Content warning: birth, change in birth plan, failed induction, caesarean section, surgery, previous miscarriage, placenta (including picture of my placenta at the end)

 

I’d planned for a totally natural water-birth at home with my team of midwives, a doula, and my partner with our gentle shepherd dog looking onward. I had read about orgasmic births on Ina May’s farm and which essential oils were best for birth and the benefits of salt lamps and yoga balls. I arranged my birth pool rental and for my placenta to be encapsulated and wrote things like seeding and delayed cord clamping into my birth plan, which I printed out and secured in the binder the midwives gave me to keep at home with my charts and information for after the baby was born along with instructions on how to contact the woman who was to encapsulate my placenta and a phone tree with the phone numbers of family and close friends and who was responsible for each call. In the weeks leading up to my due date, I ate spicy food, had lots of sex, walked my dog for hours up and down steep hills, walked the stairs in my building repeatedly (note: these aren’t easy things to do with a 70+ pound weight gain…), took evening primrose oil, drank a ton of raspberry leaf tea, made art, and wrote affirmations about trusting my body and welcoming my baby.

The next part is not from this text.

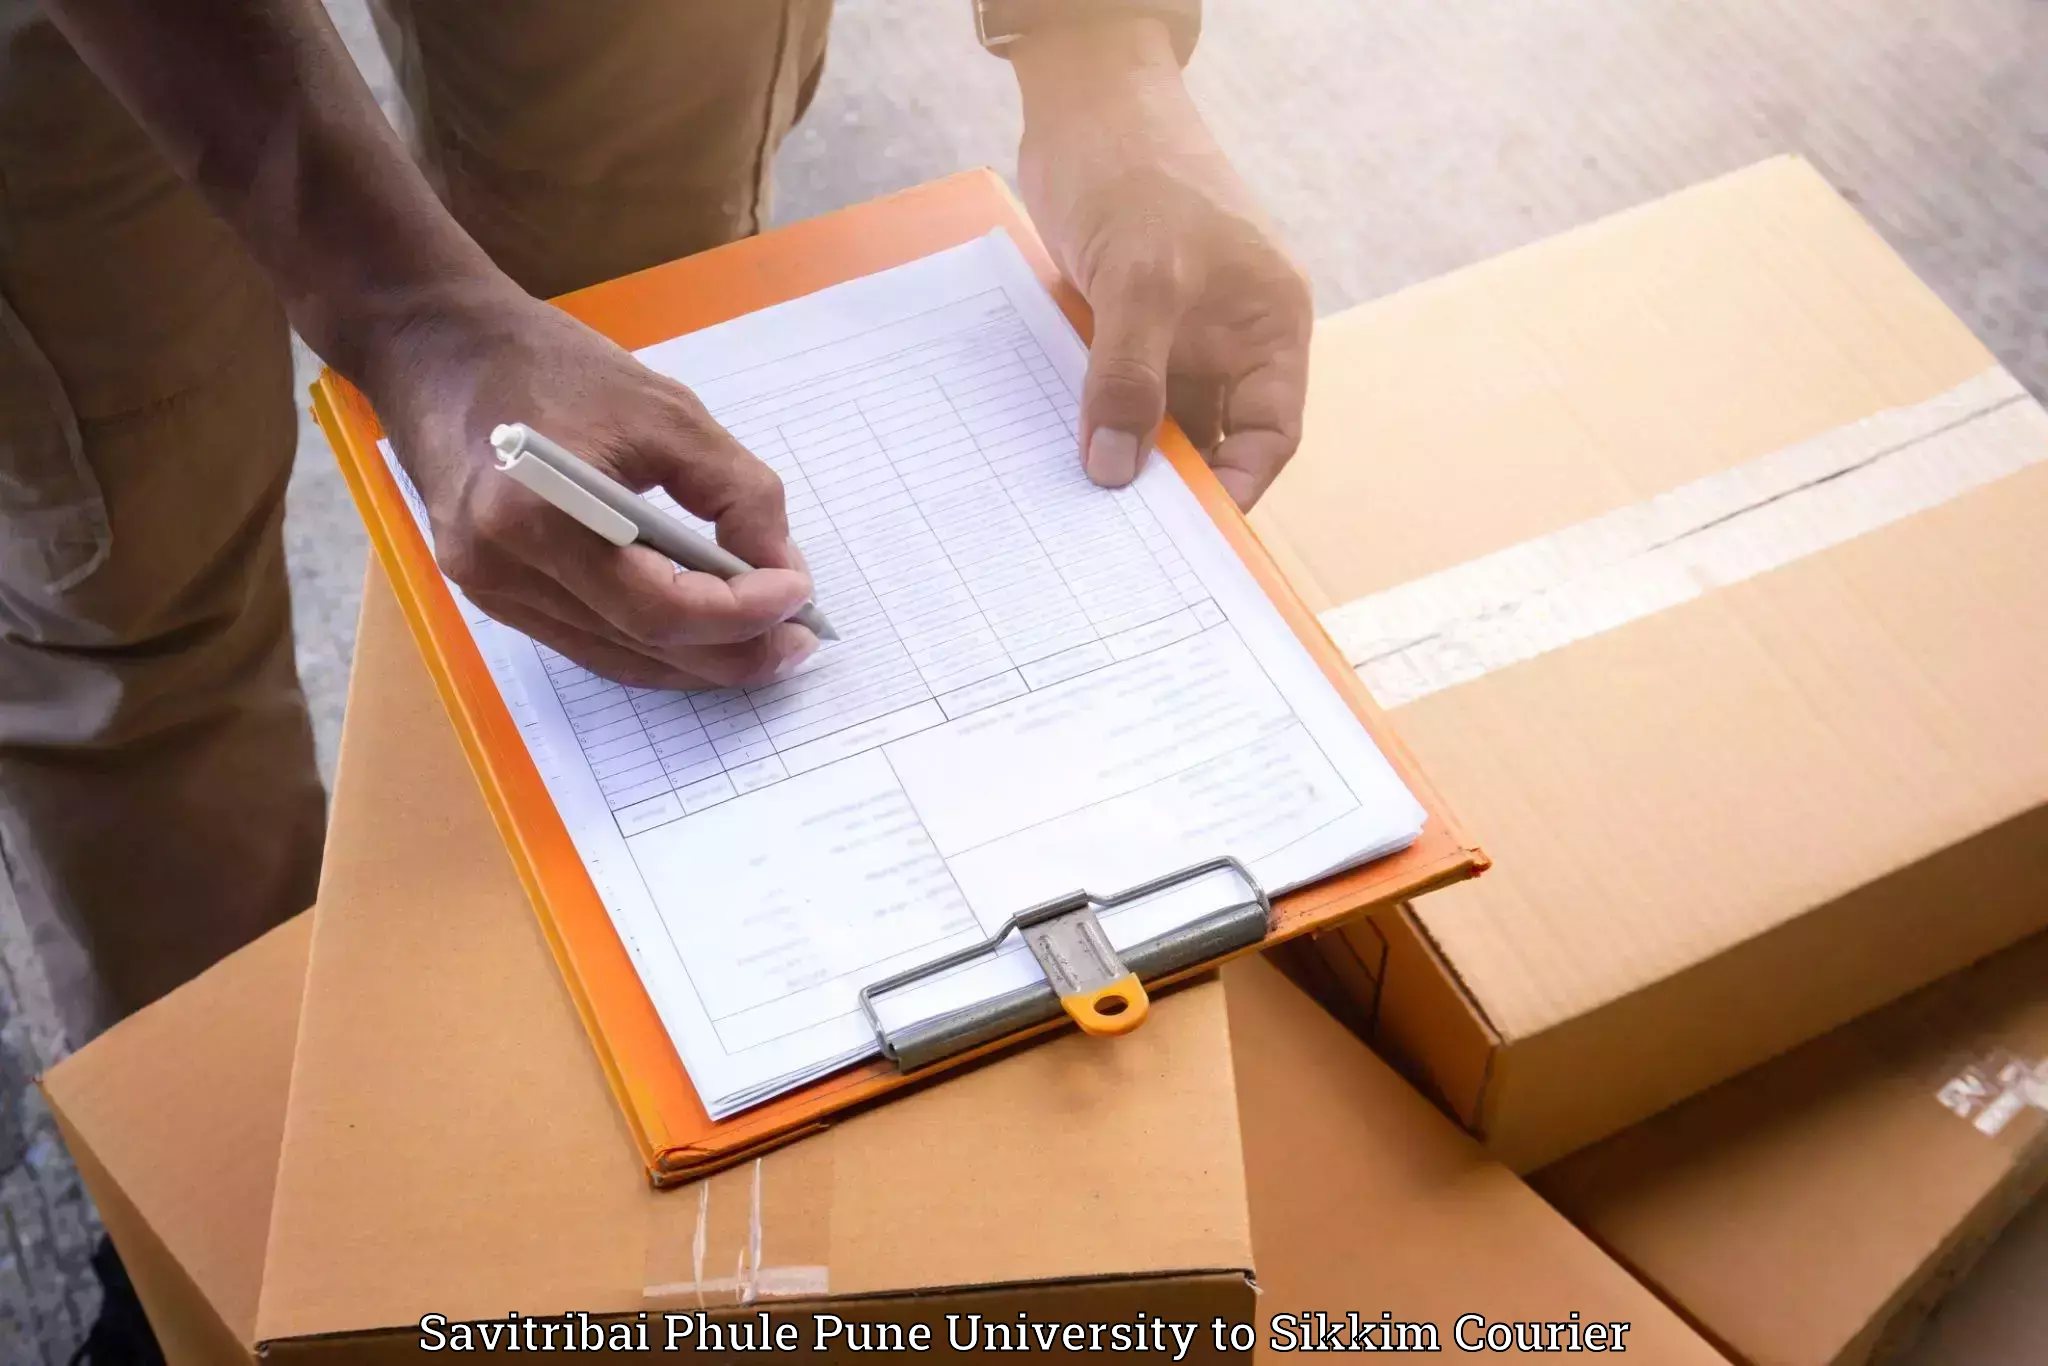 Furniture moving specialists Savitribai Phule Pune University to Namchi

Then, my due date came and went. I wasn’t too stressed initially, two of my close friends who had given birth within the past year had both gone 10 days over their due dates and I knew that, statistically, something like 60% of first time birthing people went over their estimated due dates. But once I was officially 41 weeks, with my induction scheduled, I started to feel stressed out. I knew I didn’t want an induction and I resented the fact that my baby was already being forced to adhere to some schedule without a medically relevant reason. Sure, there is an increase in some risk factors (including stillbirth) associated with going past 41 or 42 weeks, but my ultrasound and nonstress test showed a happy, healthy baby who we expected to be a bit on the larger side. As the threat of medical induction loomed, I drank two doses of midwife’s brew, a concoction containing apricot juice, castor oil, almond butter, and a strong infusion of lemon verbena. Although I had multiple friends tell me to prepare to go into labour shortly after taking the drink, as they had, it did absolutely nothing to help bring on my labour.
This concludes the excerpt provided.